How do I ignore the UTF-8 Byte Order Marker in String comparisons?

Solution 1:

Well, I assume it's because the raw binary data includes the BOM. You could always remove the BOM yourself after decoding, if you don't want it - but you should consider whether the byte array should consider the BOM to start with.

EDIT: Alternatively, you could use a StreamReader to perform the decoding.
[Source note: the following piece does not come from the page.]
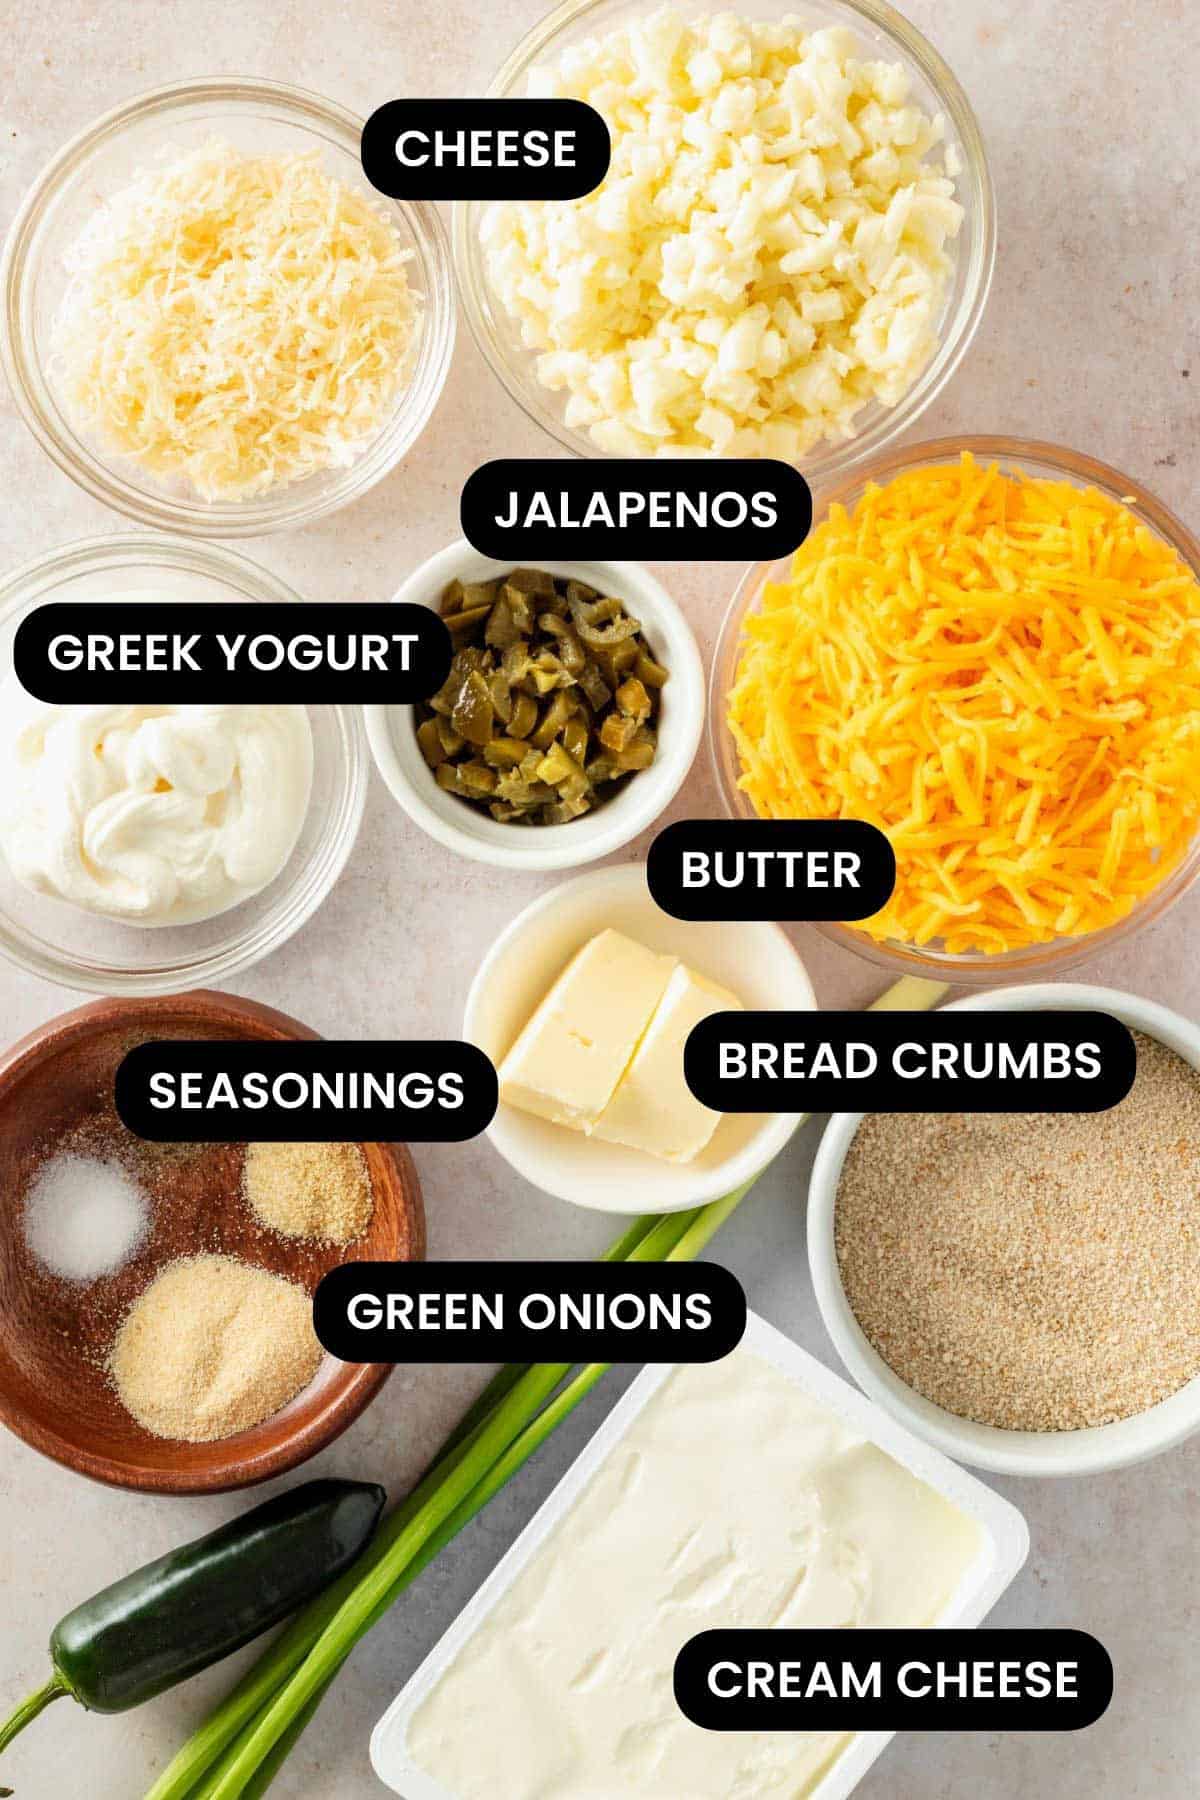 ingredients for jalapeno dip.

Here's an example, showing the same byte array being converted into two characters using Encoding.GetString or one character via a StreamReader:

using System;
using System.IO;
using System.Text;

class Test
{
    static void Main()
    {
        byte[] withBom = { 0xef, 0xbb, 0xbf, 0x41 };
        string viaEncoding = Encoding.UTF8.GetString(withBom);
        Console.WriteLine(viaEncoding.Length);

        string viaStreamReader;
        using (StreamReader reader = new StreamReader
               (new MemoryStream(withBom), Encoding.UTF8))
        {
            viaStreamReader = reader.ReadToEnd();           
        }
        Console.WriteLine(viaStreamReader.Length);
    }
}

Solution 2:

There is a slightly more efficient way to do it than creating StreamReader and MemoryStream:

1) If you know that there is always a BOM

string viaEncoding = Encoding.UTF8.GetString(withBom, 3, withBom.Length - 3);

2) If you don't know, check:

string viaEncoding;
if (withBom.Length >= 3 && withBom[0] == 0xEF && withBom[1] == 0xBB && withBom[2] == 0xBF)
    viaEncoding = Encoding.UTF8.GetString(withBom, 3, withBom.Length - 3);
else
    viaEncoding = Encoding.UTF8.GetString(withBom);